There’s two divisions you could try to follow here. If you’re going for the angle of certain professions being best for a specific role or class, then I would suggest all Agility weapon types be moved to Leatherworker, all Intelligence weapon types moved to Enchanter (or possibly Jewelcrafter), and all Strength weapon types be moved to Blacksmith. IMO, this would still be a bit ungainly though. Take for an hypothetical example: Agility swords made by Leatherworkers. Why do they all look like they’re made out of bone? Will hunters, monks, and demon hunters forever have to look like they yanked their sword out of a dragon’s jawbone? Or would we get metallic Agility swords and then wonder forever why some of them look, well, metallic even though they are made by Leatherworkers? Maybe this wouldn’t be a big deal with t-mog being a thing, and people wanting metal swords could buy Strength swords from Blacksmiths just to record the looks into their collection journal, but it’d still be a bit…ungainly.

The other division is a more realistic one, and also wouldn’t involve taking away old recipes from players while doing the standardizing across old expansions. That division would go like this: Blacksmiths create weapons with metal in them: swords, axes, maces, polearms, daggers, fist weapons. Leatherworkers create weapons with bone in them: axes, daggers, maces, fist weapons, staves, polearms, bows. Enchanters (or Jewelcrafters) craft magic heavy items: swords, daggers, maces, staves, off-hands. All these would be stat-flippers, or have a recipe for each primary stat/role, so you don’t have to wonder why a Blacksmith can make a strength-enhancing sword, but an agility sword is just beyond them, even though the enchancements to both are assumed to be magic.

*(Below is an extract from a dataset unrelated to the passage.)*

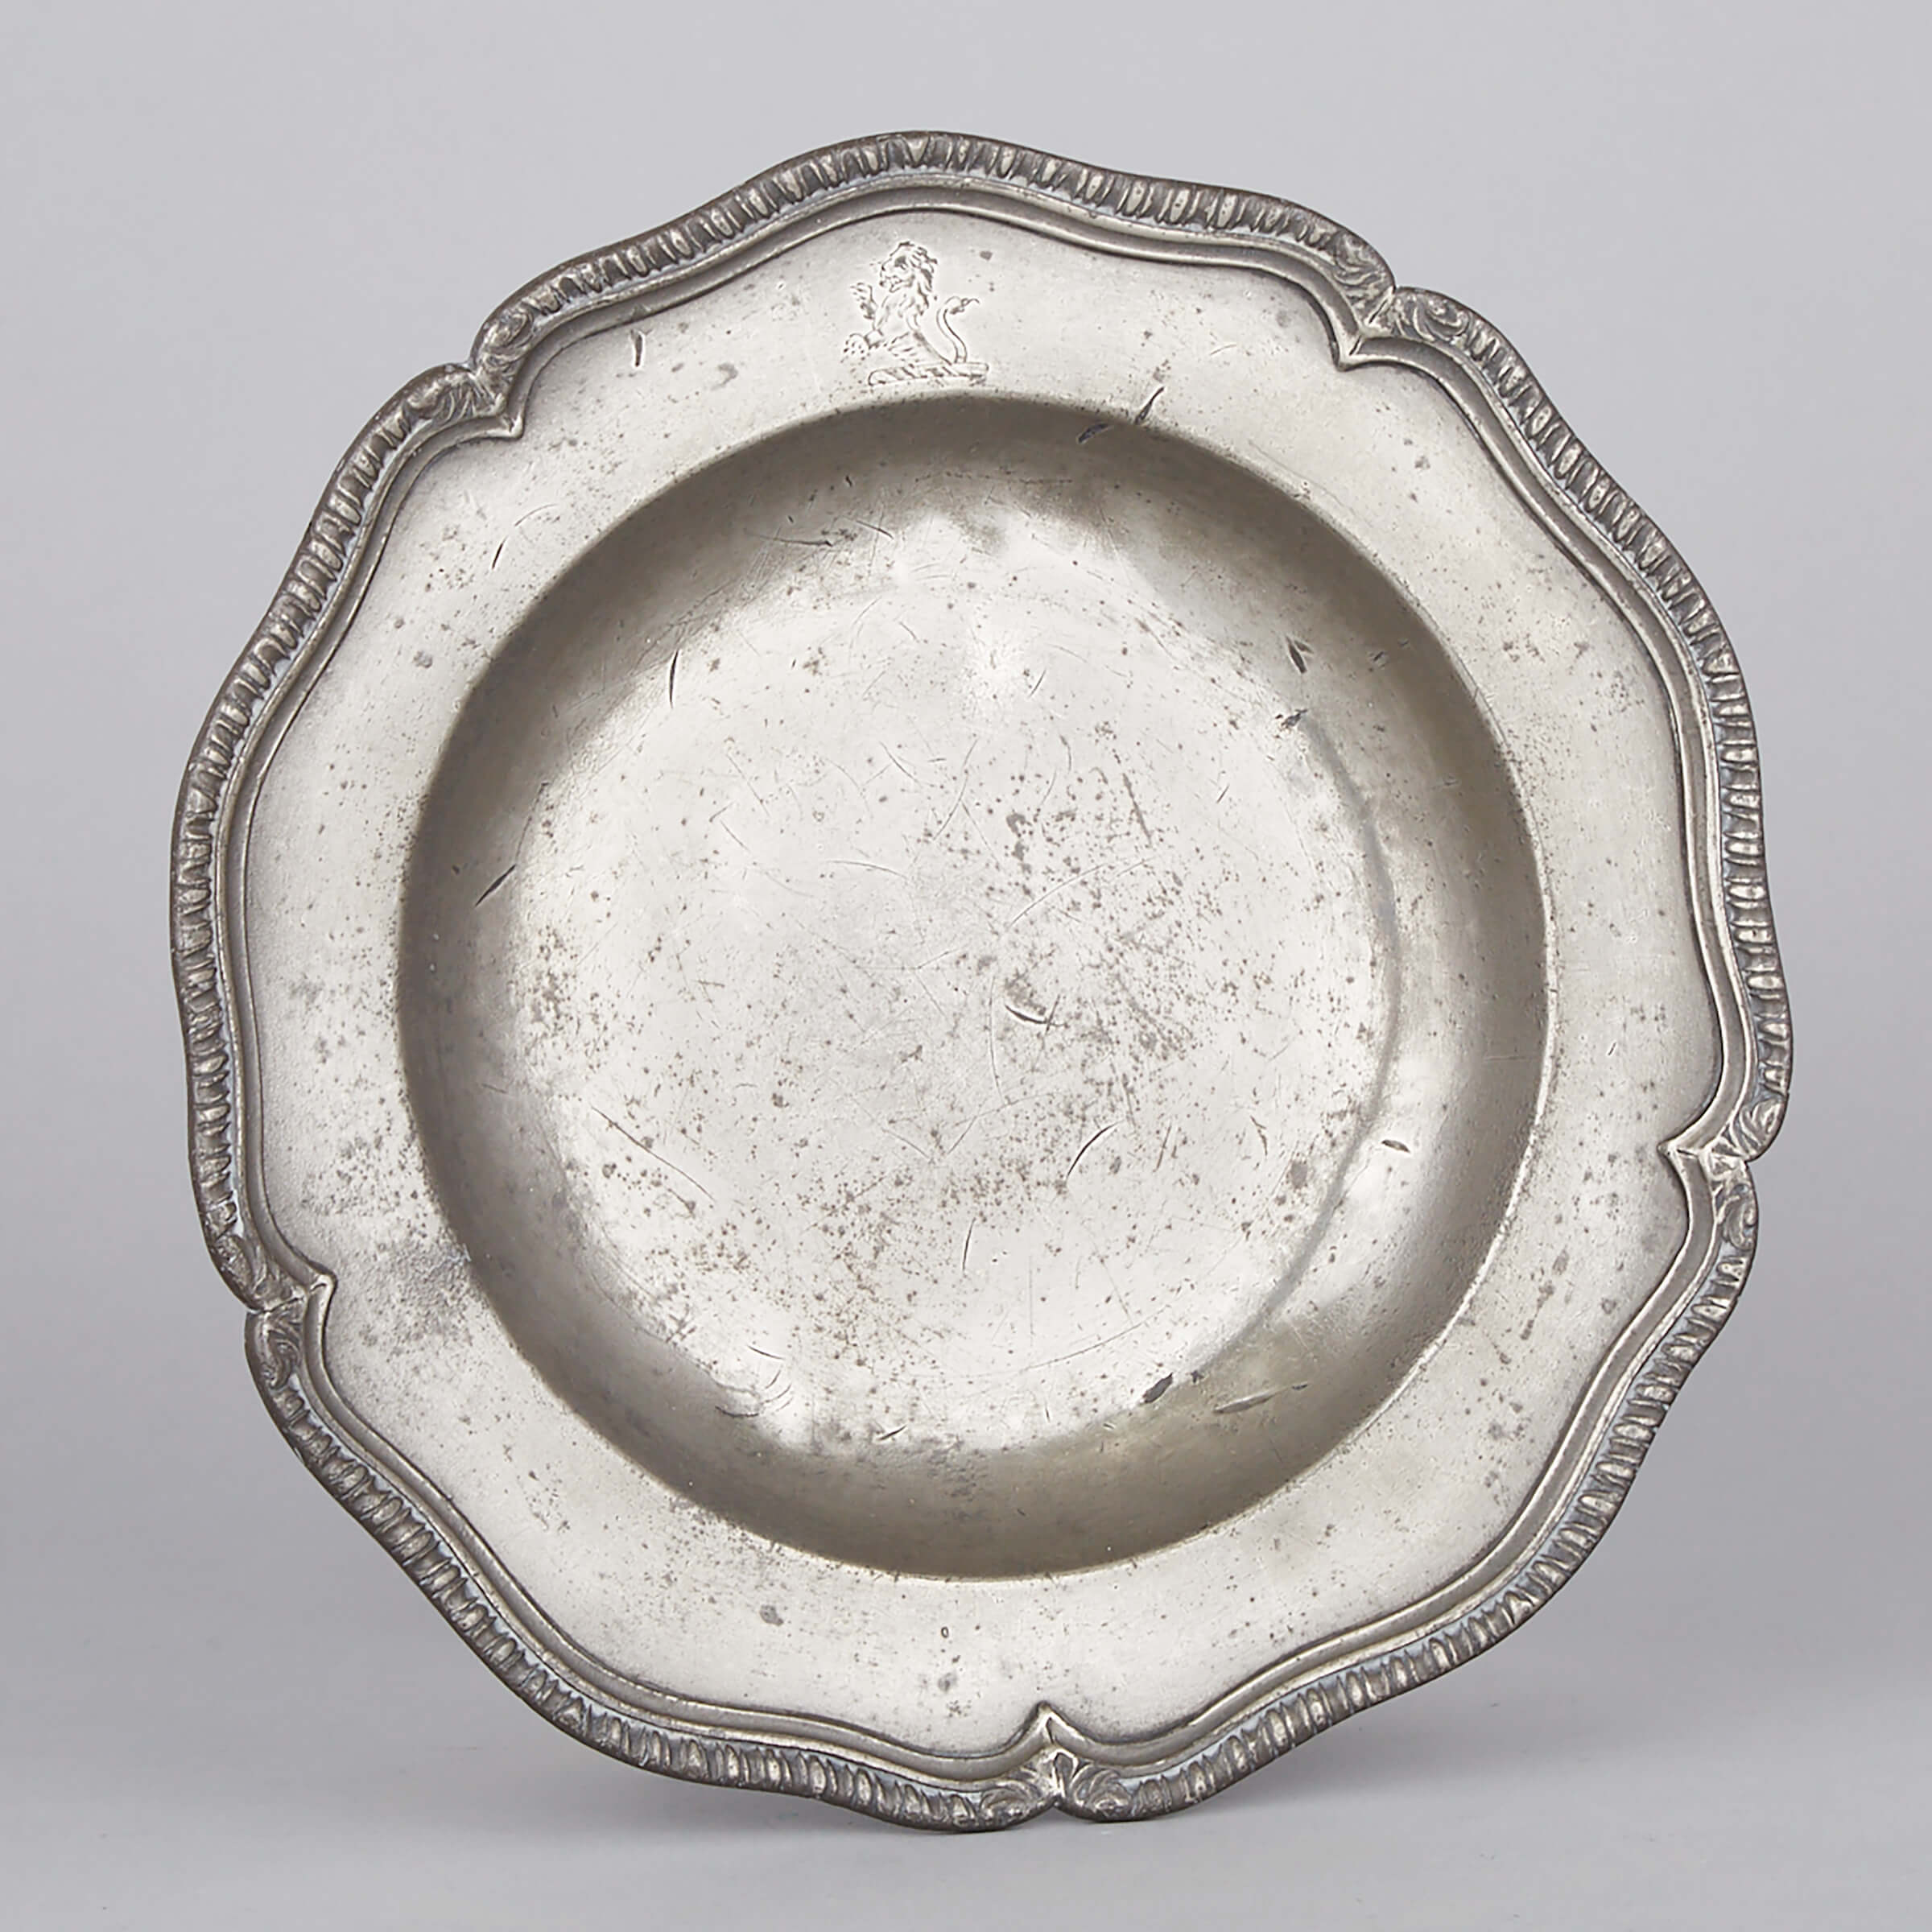 English Pewter Wavy Edge Gadrooned Rim Soup Bowl, Robert Patience, London, mid 18th century
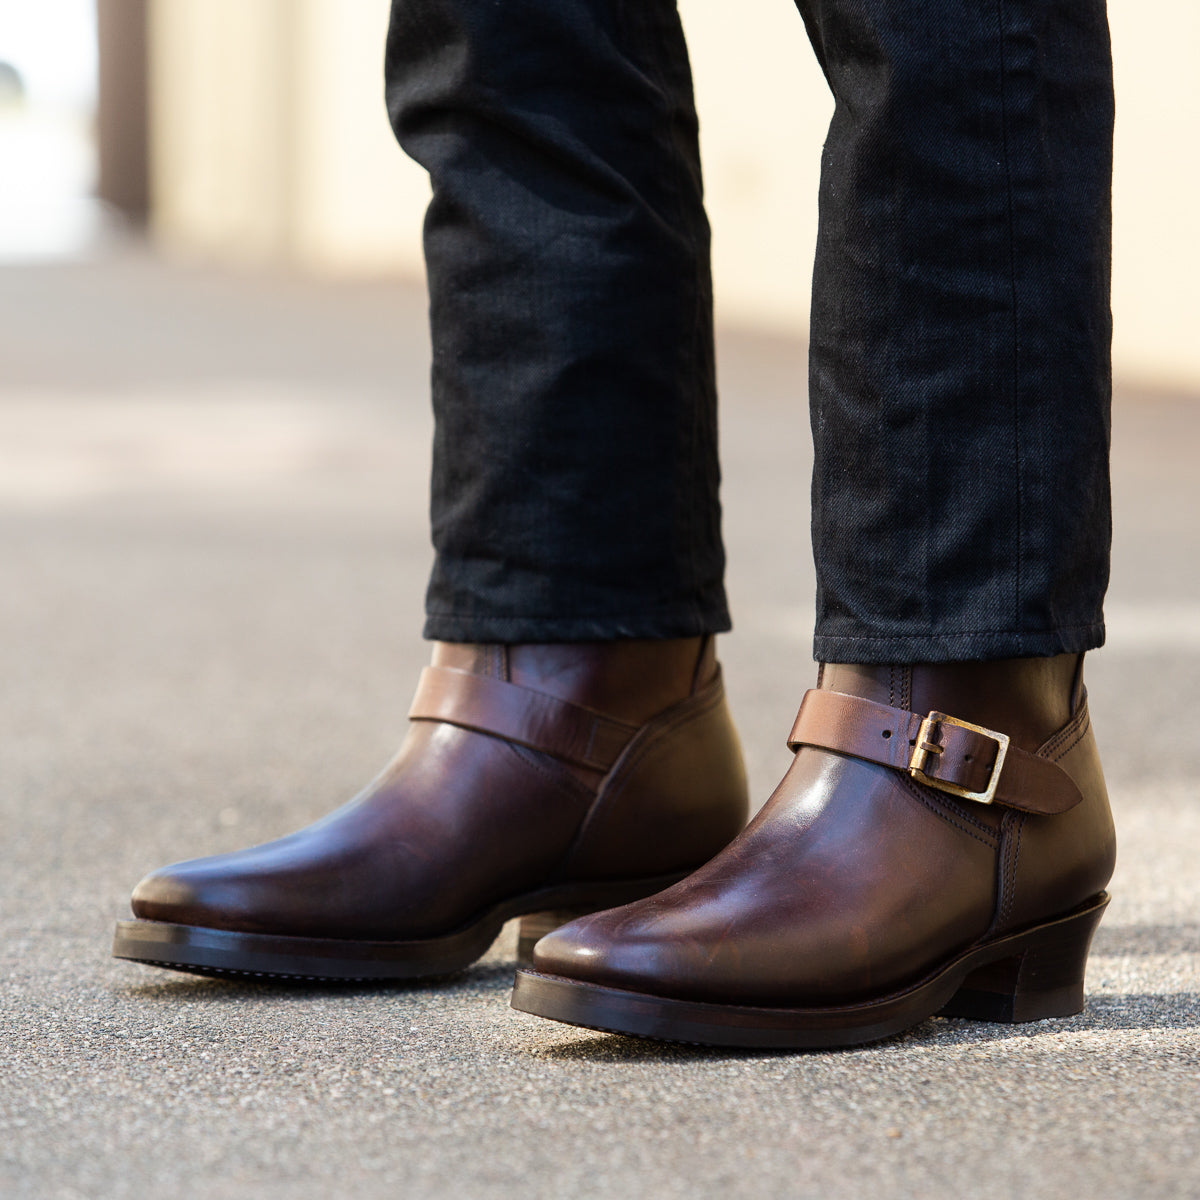 Clinch Boots Engineer Boots - Brown Overdyed Horsebutt - CN Wide Last ...

And do you notice something? Some professions have the same weapon types as other professions. THIS IS FINE. Again, I don’t really care that much if my agility sword looks the same as my strength sword and has the same stats as my agility dagger. Just so long as I have the option to make it again!

That said, if you wish to make the weapons more unique across either weapon types or profession rescipes, then give them different t-mogs (my fist weapons from leatherworker shouldn’t look like metal claws anyway), different secondary stat combinations, or even start bringing back unique on-hit proc abilities such as the Shivervenom Lance or the Thrash Blade (to take an example from Classic). Unique procs would again add value back into crafted items as some may be particularly prized for raids or PvP, as would secondary stat combinations (as long as ilevel keeps up, refer to my first post).

Solution: Woodworker Profession
To go along with the above solutions–not in place of them! along with them!–consider releasing a new profession called woodworking. This profession makes staves, shields, polearms, bows, arrows, (aka all that gear that keeps flip-flopping from profession to profession or hasn’t yet appeared in one) and perhaps some various trinkets or consumables in the form of totems and along the lines of the old Jewelcrafting statues, figurines, and Engineering bombs. If the devs wanted to bring back how crafters need to work together for some items, then this profession could also make the wood stocks for Engineering guns and Blacksmithing axes and polearms. The gathering profession for this would probably need to co-opt Herbalism to now also include sticks as a possible drop from herb nodes. (Though I wonder if it could be worked into Skinning as a kind of “Forester” profession instead? I mainly say this, not because I think it’d make sense, but because all the gathering professions but Skinning have multiple professions that are fed by it.) Alternatively, just a new gathering profession called Forestry, and start changing some of the static trees of old zones into objects that allow you to gather wood from them. (Just please, PLEASE don’t go randomly adding oak trees to all zones to satisfy this profession as some MMOs do, because the lack of fitting species for the climate looks really ugly and lazy.)

As an idea for a future expansion, Woodworker would also be able to craft portable siege vehicles and items for some sort of player housing (or garrison decorations).